> What to work on
Records follow. Print exactly the lines from the one that has "Image de l'interface" through the one that has "Narod tomb raider porn sluts smut clips", inclusive, and omit the pictures.

── Extracted entries ──

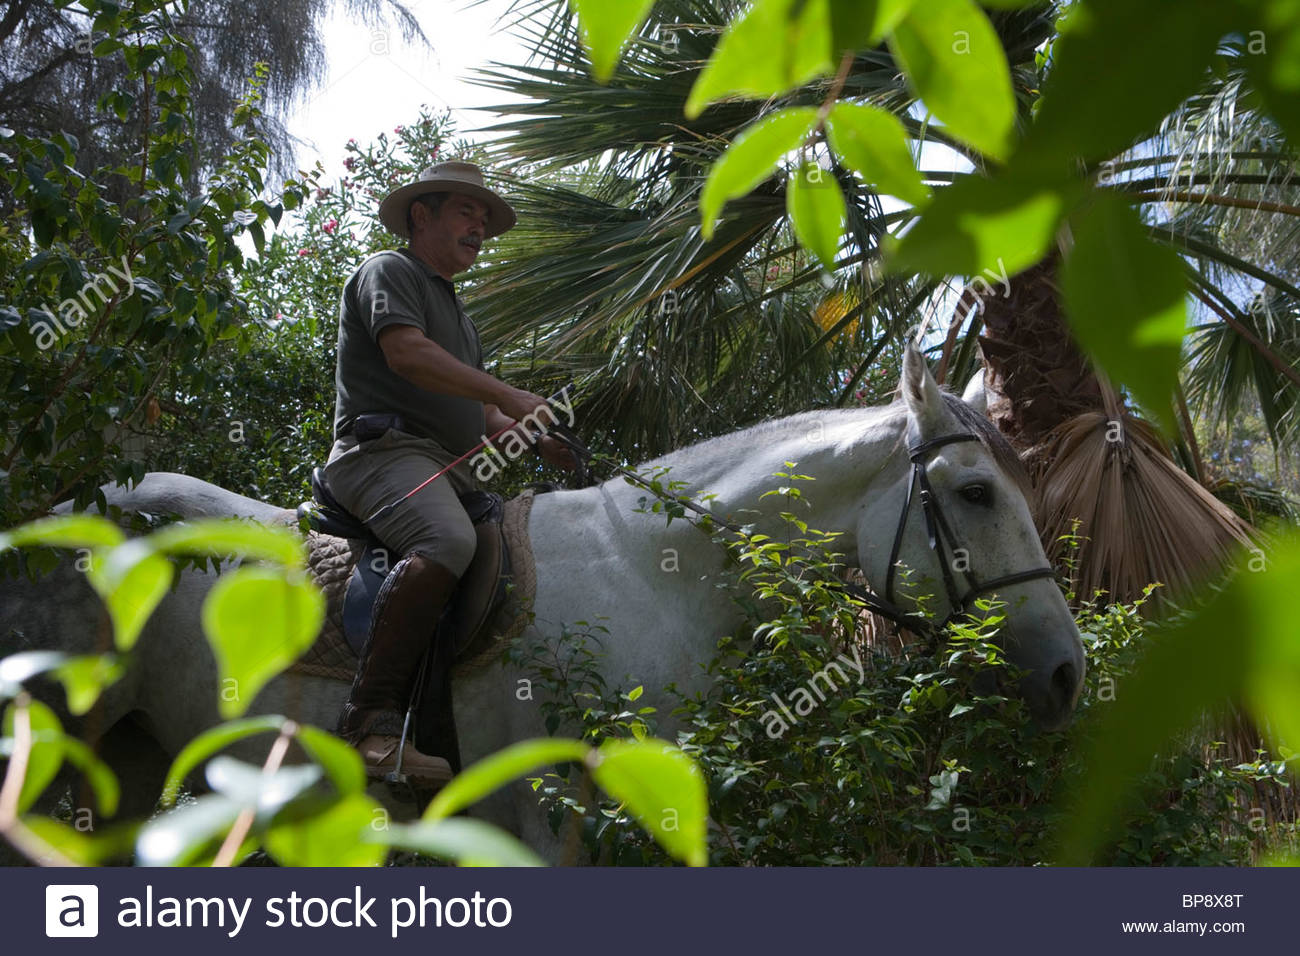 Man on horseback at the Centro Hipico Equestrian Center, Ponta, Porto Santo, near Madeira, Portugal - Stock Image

───
── Extracted entries ──

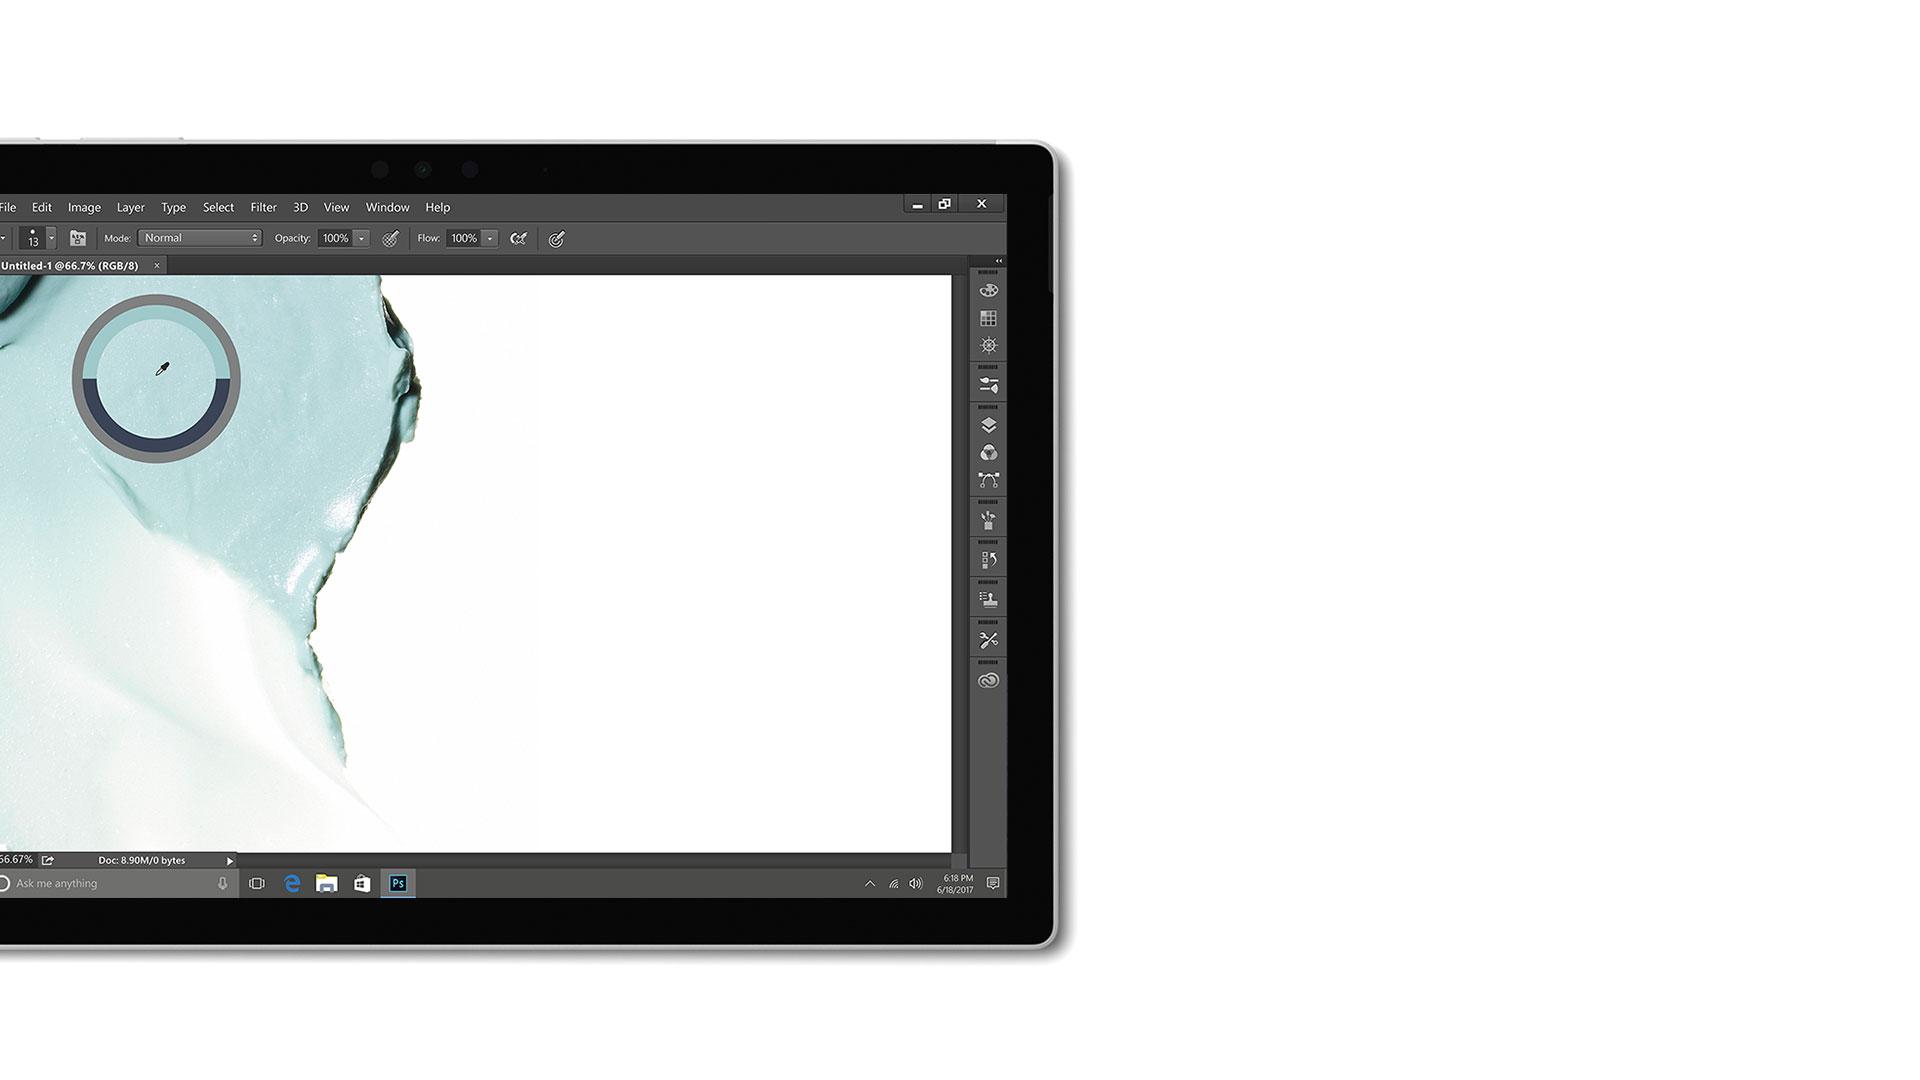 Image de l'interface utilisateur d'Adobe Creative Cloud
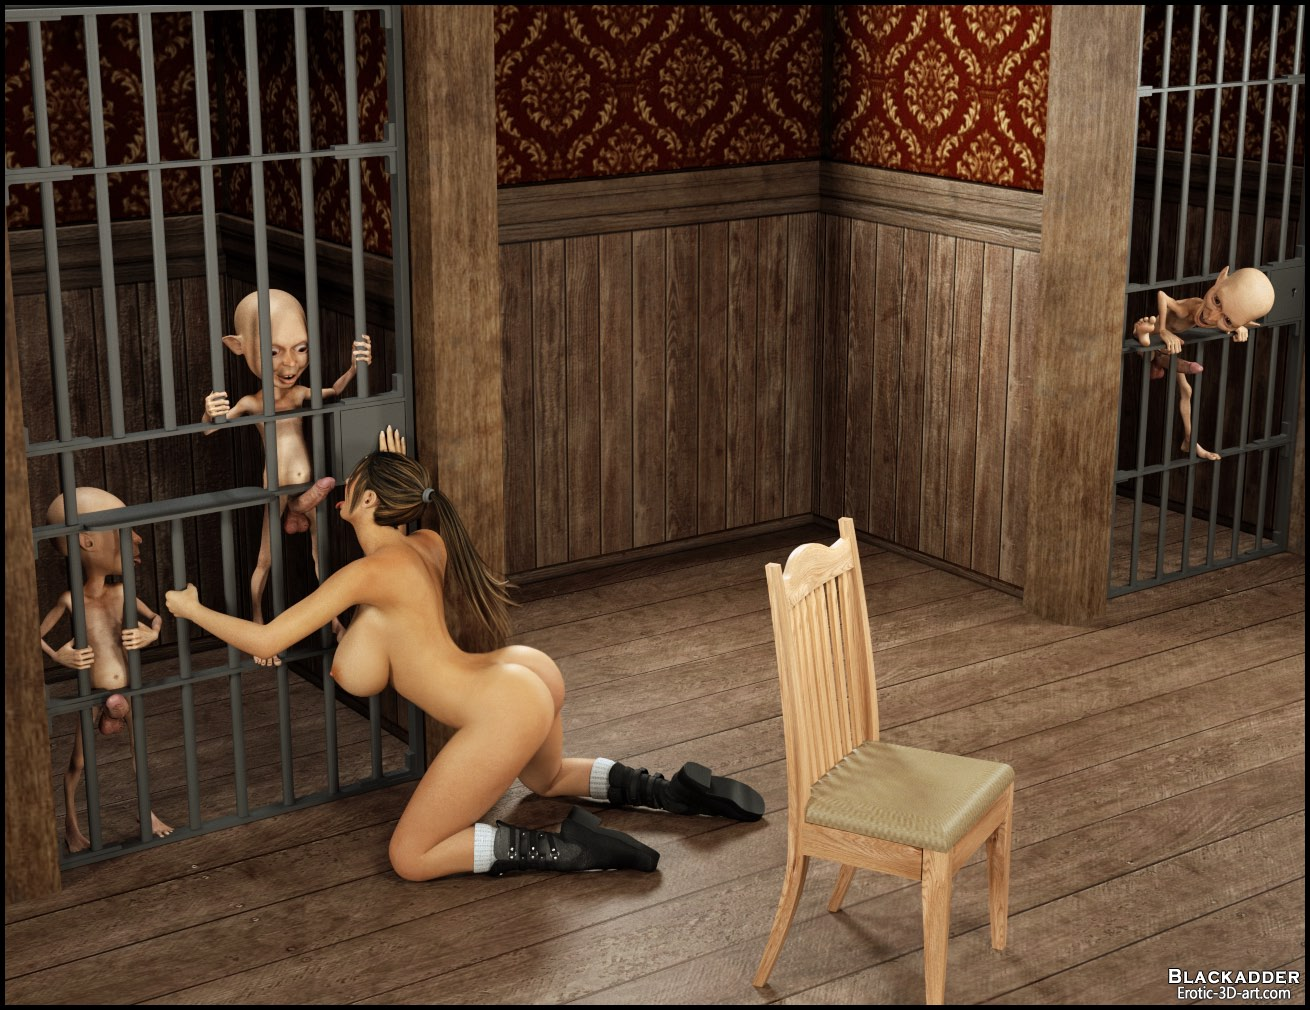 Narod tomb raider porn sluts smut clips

───
── Extracted entries ──

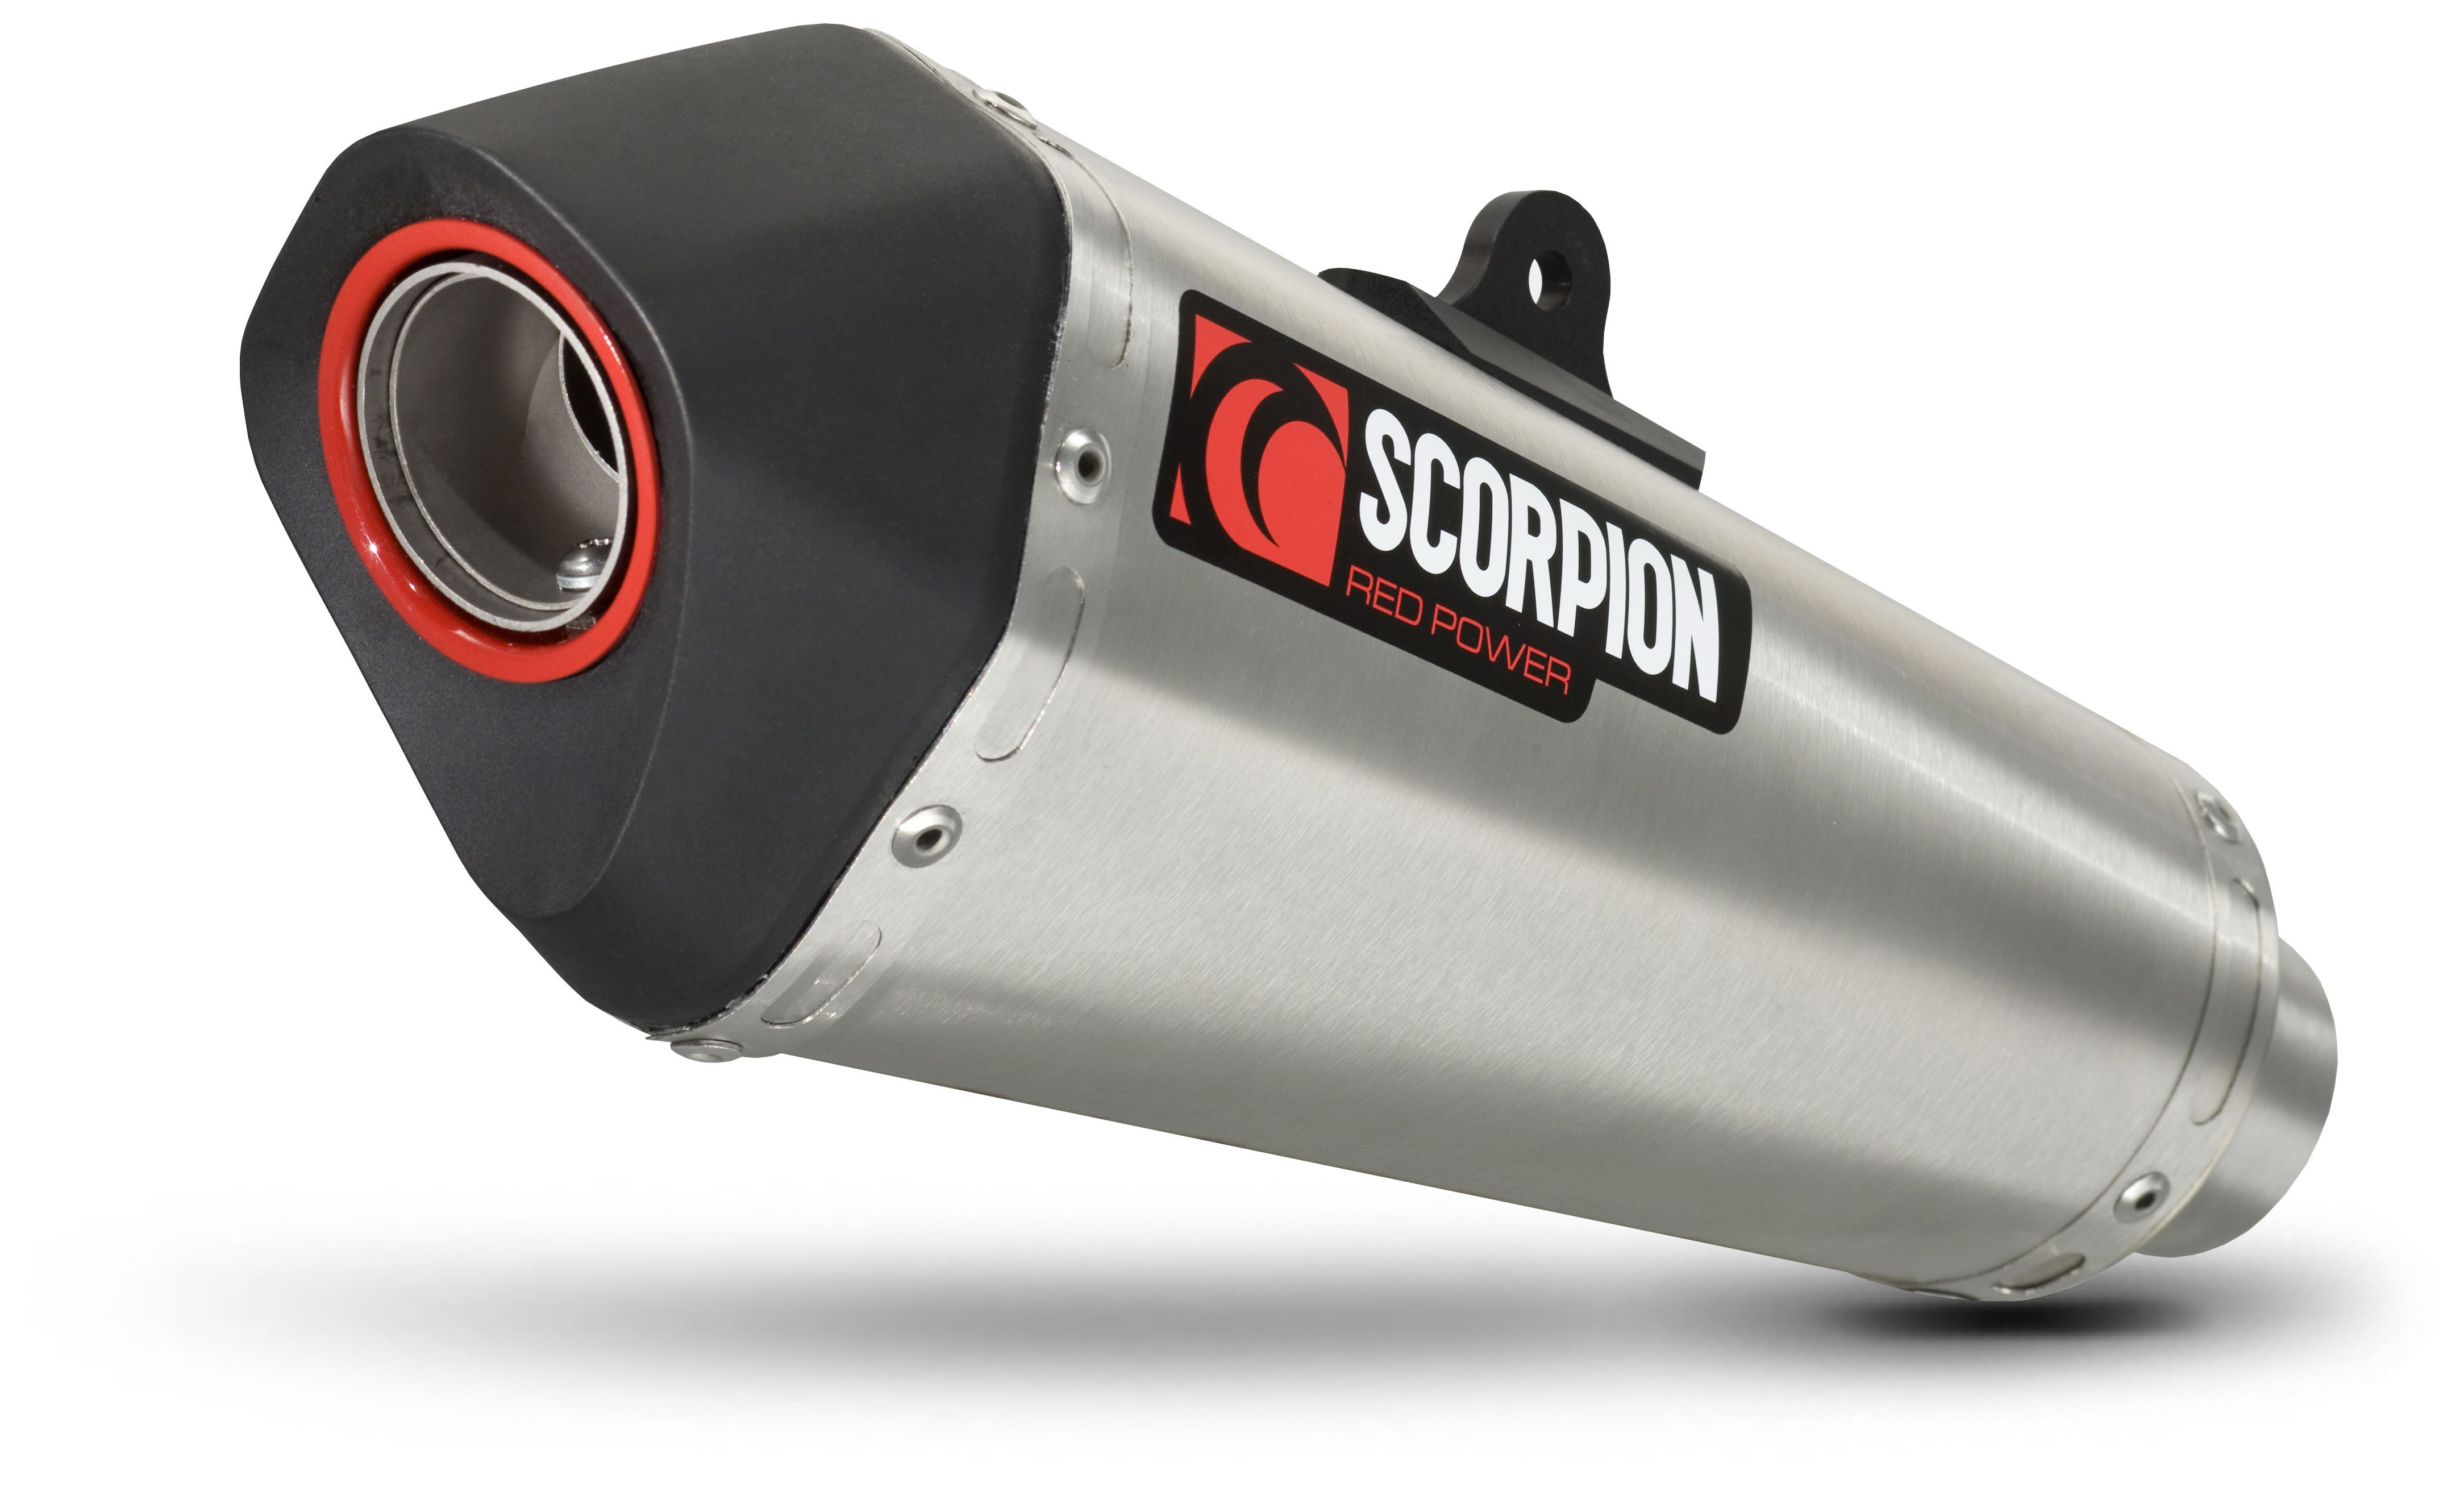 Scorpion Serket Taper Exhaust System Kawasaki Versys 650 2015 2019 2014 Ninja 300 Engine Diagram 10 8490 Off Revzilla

───

> Task answer
 Image de l'interface utilisateur d'Adobe Creative Cloud
 Narod tomb raider porn sluts smut clips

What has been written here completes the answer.